Birinci şecere-i tuba, ittihad-ı umumîdir. Zira avam ve havas hiss-i dinle mütesaviyen mütehassistirler. Eğer din namıyla olmasa, bîçare avam mazi tarafa dönüp gidecekler, Zaman-ı Saadet’e sizi şekva edeceklerdir.
İkinci şecere-i tuba, eydî-i şebâbete mazhar olan medeniyetimizdir. Zira Şeriat, mehasin-i medeniyete emirle beraber, medeniyeti inkıraza sevk eden ve ihtiyarlatmakta olan sefahet ve israfat ve maişetteki müthiş müsâvâtsızlıktan nehyediyor.
Üçüncü şecere-i tuba, ikbal-i istikbalimizi temin eden diyanet-i kâmilemizdir. Zira Meşrûtiyette Şeriat, esas-ı evvel-i medeniyetimizin deveran-ı demi yerine geçmiş olan Şeriat-ı Ahmedîyi teneffüs ve terakkiyat-ı efkâr ile onun mülevves olan hikâyat ve İsrailiyat ve teşbihattan tasfiye edileceğinden, küre-i arzın deveran-ı demi yerine geçecektir.

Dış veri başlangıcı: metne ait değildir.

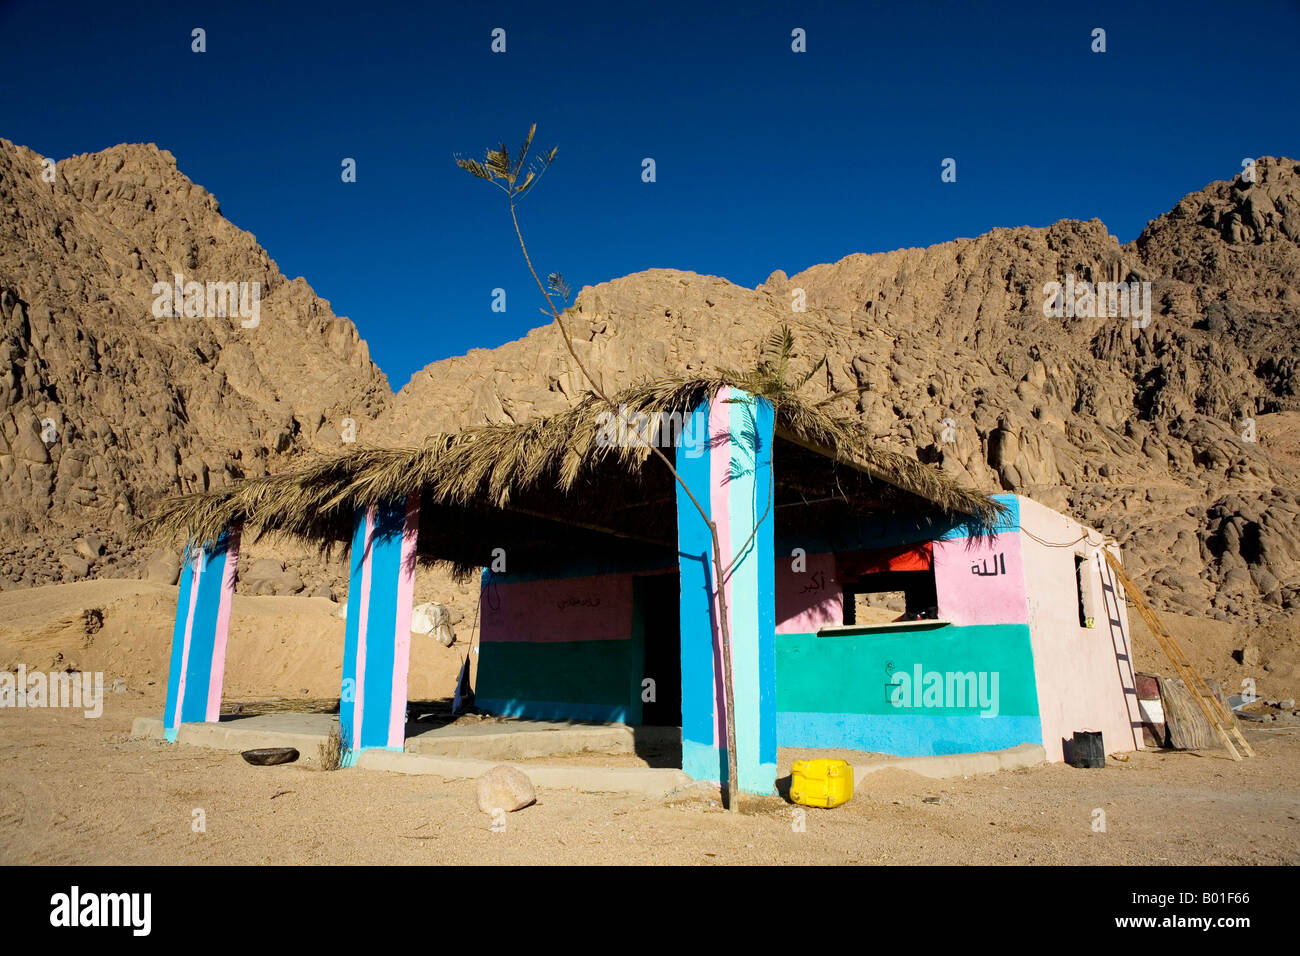 Bedouin s home in the desert landscape surrounded by the Red Sea Mountains of South Sinai near Sharm el Sheikh Egypt Stock Photo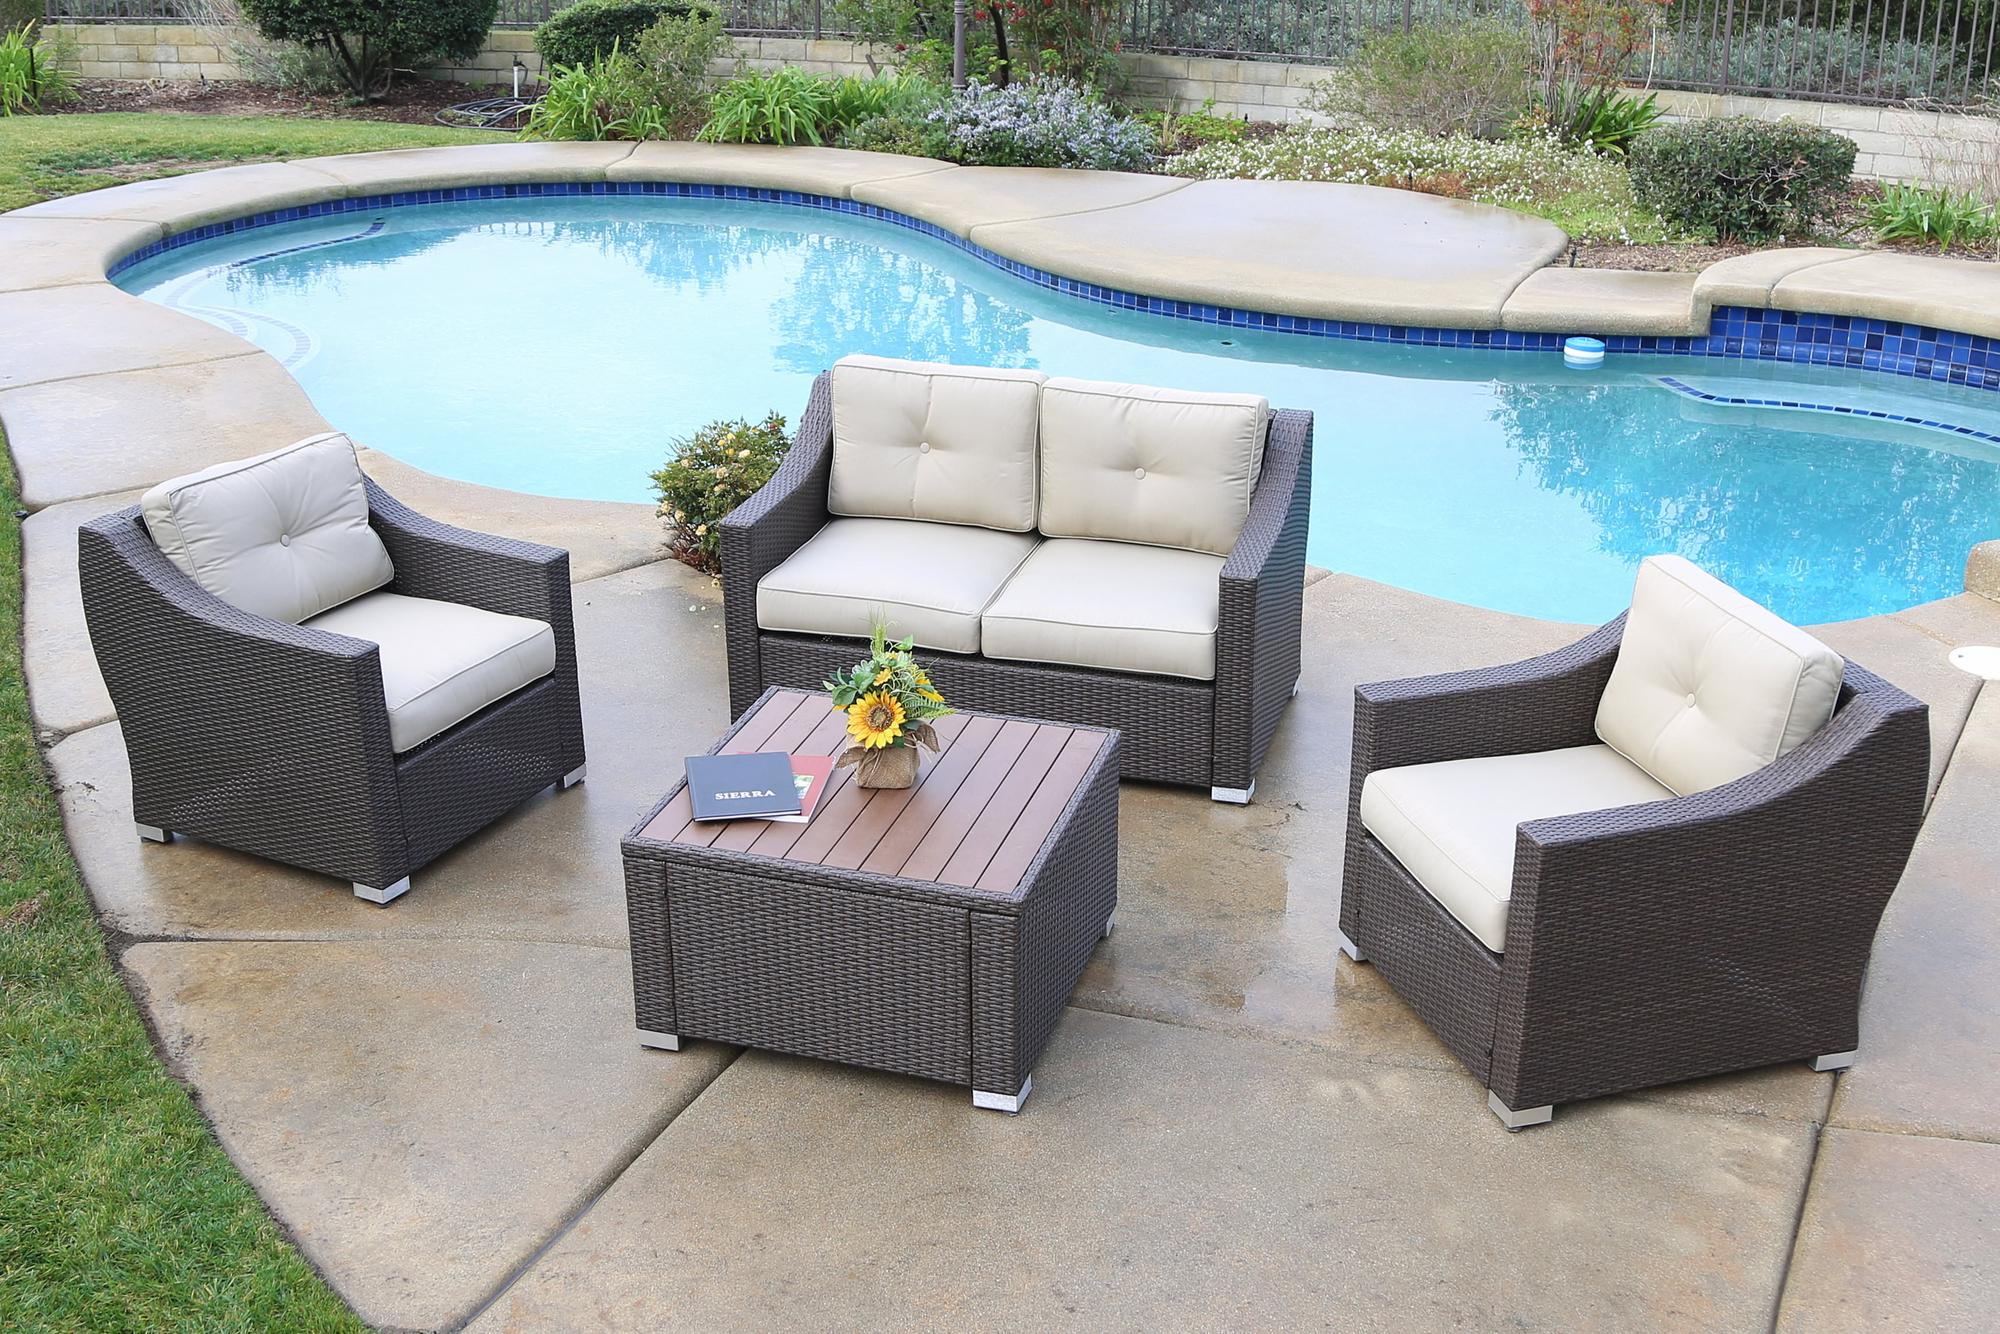 Sb-3775ds-7 4 Piece South Beach Wicker Patio Deep Seating Group With Cushion

Veyahut şems-i İslâmiyet sema-i siyasette sehab-ı muzlimden halâs olduğundan, kamer-i medeniyeti tenvir ve Asya tarlasının çiçeklerini tenmiye ve tezyin edecektir. Zira din esası olduğu hâlde, hamele-i Şeriat, dâhî ve siyasî adamlar olacaklar ve İslâmiyet’i o hikâye-i İsrailiyattan tecrit edecek ve sileceklerdir.
“En kat’î fazilet odur ki, düşmanlar dahi onun tasdikine şehadet etsin.” Yeni Dünyanın en meşhur feylesofu demiş ki: “İslâmiyet çıktığı zaman âteş-i cevval gibi, odun parçalarına benzer sair edyan ve efkârı bel’ etti. On iki asırda iki yüz milyonun rehber-i hayatı olmuş ve o hakaik-i ulviye müsademat-ı âleme karşı hasiyetini ve hakikatini muhafaza etmekle şimdi mir’at-ı mücellâ gibi Muhammed-i Arabî’yi nazarımızda tecessüm ettiriyor.”
Elhâsıl: Bir hazine-i cevahire malik olduğumuz hâlde, Avrupa’ya ahkâmda izhar-ı fakr, ahlâkta dilencilik etmek din-i İslâm’a büyük bir hıyanettir ve hayat-ı millete kastetmektir. Dünya için din feda olmaz, berâhin-i akliye üzerine müesses olan din-i İslâm, başka dine kıyas olunmaz.
Eski Said Dönemi Eserleri, Makalat, s. 34
LÛGATÇE:
avam: Halkın alt tabakası.
bel’ etmek: Yutmak, ortadan kaldırmak.
berâhin-i akliye: Aklî deliller.
deveran-ı dem: Kan dolaşımı.
edyan: Dinler.
esas-ı evvel-i medeniyet: Medeniyetin ilk temeli.
eydî-i şebâbet: Gençlik gücü, gençlik saltanatı.
hamele-i Şeriat: Şeriatı taşıyanlar, uygulayıp ayakta tutanlar.
havas: Halkın üst tabakası.
ikbal-i istikbal: Geleceğin tâlii, işlerin iyi gitmesi.
inkıraz: Bitip tükenip yok olma, sonu gelme, son bulma, çökme, yıkılma.
İsrailiyat: Yahudî ve Hıristiyanların kültüründen İslâm’a karıştığı bilinen şeyler.
ittihad-ı umumî: Genel birlik beraberlik.
kamer-i medeniyet: Medeniyet ayı.
maişet: Geçim.
mehasin-i medeniyet: Medeniyetin güzellikleri.
meşruiyet: Şer’îlik, Şeriata uygunluk.
mir’at-ı mücellâ: Cilâlanmış, parlak ayna.
mülevves: Kirli, pis, bulaşık.
müsâvâtsızlık: Eşitsizlik, dengesizlik.
mütehassis: Hislenen, duygulanan.
mütesaviyen: Eşit olarak.
nehyetmek: Yasaklamak, sakındırmak.
neş’et etmek: Meydana gelmek.
sefahet: Yasak şeylere, zevk ve eğlenceye aşırı derecede düşkünlük.
sehab-ı muzlim: Karanlık bulut.
Şecere-i Tuba: Cennetteki Tuba ağacı (metinde mecaz).
şekva etmek: Şikâyet etmek.
tenmiye: Büyütme.
terakkiyat-ı efkâr: Fikrî gelişmeler, ilerlemeler.
teşbihat: Hakikat telâkki edilen benzetmeler.